PROMPT: Below are some records. Return exactly the lines from the one containing "弦楽四重奏の生演奏による讃美歌001の未再生の波形" through the one containing "Ώριμα αυτιά του", both included, and only those.

RECORDS FOR THIS EXERCISE:

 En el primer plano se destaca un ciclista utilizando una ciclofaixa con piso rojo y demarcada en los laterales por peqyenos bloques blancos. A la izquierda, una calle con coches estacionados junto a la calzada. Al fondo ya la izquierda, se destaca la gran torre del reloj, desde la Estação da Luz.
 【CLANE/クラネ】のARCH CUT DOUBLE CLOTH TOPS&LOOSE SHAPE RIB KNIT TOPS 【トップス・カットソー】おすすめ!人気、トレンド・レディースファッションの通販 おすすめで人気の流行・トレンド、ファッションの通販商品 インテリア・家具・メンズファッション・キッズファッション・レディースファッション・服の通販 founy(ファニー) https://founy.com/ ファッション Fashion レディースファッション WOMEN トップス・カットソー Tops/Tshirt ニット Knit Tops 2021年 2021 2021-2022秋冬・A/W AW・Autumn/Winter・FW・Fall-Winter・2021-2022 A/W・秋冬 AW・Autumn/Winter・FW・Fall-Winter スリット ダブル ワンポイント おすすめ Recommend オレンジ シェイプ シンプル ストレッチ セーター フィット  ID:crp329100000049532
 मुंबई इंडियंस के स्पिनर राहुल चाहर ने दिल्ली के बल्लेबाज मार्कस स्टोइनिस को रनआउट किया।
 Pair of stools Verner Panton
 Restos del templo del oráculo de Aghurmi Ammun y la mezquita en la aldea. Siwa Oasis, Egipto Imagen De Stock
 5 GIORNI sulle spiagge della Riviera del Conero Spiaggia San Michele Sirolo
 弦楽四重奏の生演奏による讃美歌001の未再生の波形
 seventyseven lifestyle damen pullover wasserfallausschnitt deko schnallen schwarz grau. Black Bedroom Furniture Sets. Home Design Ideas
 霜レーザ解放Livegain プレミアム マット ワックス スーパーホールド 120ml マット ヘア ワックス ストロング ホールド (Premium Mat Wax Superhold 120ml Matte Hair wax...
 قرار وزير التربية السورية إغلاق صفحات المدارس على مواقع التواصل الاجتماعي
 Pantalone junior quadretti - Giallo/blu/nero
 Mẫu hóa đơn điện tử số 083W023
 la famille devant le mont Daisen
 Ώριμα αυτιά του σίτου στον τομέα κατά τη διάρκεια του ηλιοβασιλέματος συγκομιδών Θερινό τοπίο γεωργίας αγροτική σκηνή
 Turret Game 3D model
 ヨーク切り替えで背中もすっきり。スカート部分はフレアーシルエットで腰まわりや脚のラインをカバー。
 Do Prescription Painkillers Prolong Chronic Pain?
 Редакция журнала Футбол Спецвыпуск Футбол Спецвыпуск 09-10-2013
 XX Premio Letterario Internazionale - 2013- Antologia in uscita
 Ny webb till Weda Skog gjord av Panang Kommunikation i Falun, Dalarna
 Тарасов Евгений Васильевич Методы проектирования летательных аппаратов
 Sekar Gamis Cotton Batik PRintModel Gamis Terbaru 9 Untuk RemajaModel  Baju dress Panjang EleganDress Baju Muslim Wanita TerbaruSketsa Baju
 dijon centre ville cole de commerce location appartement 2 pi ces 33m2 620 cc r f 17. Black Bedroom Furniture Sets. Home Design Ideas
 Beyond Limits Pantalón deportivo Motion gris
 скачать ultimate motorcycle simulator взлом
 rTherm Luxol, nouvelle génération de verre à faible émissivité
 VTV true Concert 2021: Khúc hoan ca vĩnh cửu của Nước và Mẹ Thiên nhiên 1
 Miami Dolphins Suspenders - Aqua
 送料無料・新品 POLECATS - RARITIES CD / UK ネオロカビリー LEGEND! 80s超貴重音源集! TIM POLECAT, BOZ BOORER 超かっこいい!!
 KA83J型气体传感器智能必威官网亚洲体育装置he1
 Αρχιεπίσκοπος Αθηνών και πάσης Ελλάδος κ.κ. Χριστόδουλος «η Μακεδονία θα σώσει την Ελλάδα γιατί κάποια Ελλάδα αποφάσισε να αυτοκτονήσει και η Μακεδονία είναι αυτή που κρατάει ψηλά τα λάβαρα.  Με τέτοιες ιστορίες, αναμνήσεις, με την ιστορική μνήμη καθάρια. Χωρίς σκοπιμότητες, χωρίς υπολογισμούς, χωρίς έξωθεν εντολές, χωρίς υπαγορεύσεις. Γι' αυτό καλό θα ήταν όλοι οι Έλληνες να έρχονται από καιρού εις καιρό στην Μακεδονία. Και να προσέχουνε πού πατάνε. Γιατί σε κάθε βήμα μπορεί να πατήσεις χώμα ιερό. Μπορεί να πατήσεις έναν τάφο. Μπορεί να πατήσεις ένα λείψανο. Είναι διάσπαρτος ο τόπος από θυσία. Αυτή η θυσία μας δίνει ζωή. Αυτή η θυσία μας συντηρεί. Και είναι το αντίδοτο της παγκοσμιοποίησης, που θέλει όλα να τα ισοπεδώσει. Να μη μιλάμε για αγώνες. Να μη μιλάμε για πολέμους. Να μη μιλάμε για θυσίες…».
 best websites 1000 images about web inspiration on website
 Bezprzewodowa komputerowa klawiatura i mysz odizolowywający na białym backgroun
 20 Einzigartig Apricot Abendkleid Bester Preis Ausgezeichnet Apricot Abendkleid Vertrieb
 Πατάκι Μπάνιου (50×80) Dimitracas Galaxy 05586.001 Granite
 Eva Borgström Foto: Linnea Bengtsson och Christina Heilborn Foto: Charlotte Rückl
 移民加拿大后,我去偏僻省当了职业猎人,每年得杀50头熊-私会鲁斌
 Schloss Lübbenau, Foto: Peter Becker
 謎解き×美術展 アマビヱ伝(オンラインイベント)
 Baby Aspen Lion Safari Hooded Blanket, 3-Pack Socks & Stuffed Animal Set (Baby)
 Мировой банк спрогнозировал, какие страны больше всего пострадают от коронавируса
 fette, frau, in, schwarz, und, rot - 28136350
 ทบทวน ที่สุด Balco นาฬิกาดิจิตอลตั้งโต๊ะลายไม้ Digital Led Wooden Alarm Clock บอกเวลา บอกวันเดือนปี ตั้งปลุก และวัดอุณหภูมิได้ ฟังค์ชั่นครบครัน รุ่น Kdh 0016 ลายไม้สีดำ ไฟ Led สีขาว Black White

ANSWER TO THIS PROBLEM:
 弦楽四重奏の生演奏による讃美歌001の未再生の波形
 seventyseven lifestyle damen pullover wasserfallausschnitt deko schnallen schwarz grau. Black Bedroom Furniture Sets. Home Design Ideas
 霜レーザ解放Livegain プレミアム マット ワックス スーパーホールド 120ml マット ヘア ワックス ストロング ホールド (Premium Mat Wax Superhold 120ml Matte Hair wax...
 قرار وزير التربية السورية إغلاق صفحات المدارس على مواقع التواصل الاجتماعي
 Pantalone junior quadretti - Giallo/blu/nero
 Mẫu hóa đơn điện tử số 083W023
 la famille devant le mont Daisen
 Ώριμα αυτιά του σίτου στον τομέα κατά τη διάρκεια του ηλιοβασιλέματος συγκομιδών Θερινό τοπίο γεωργίας αγροτική σκηνή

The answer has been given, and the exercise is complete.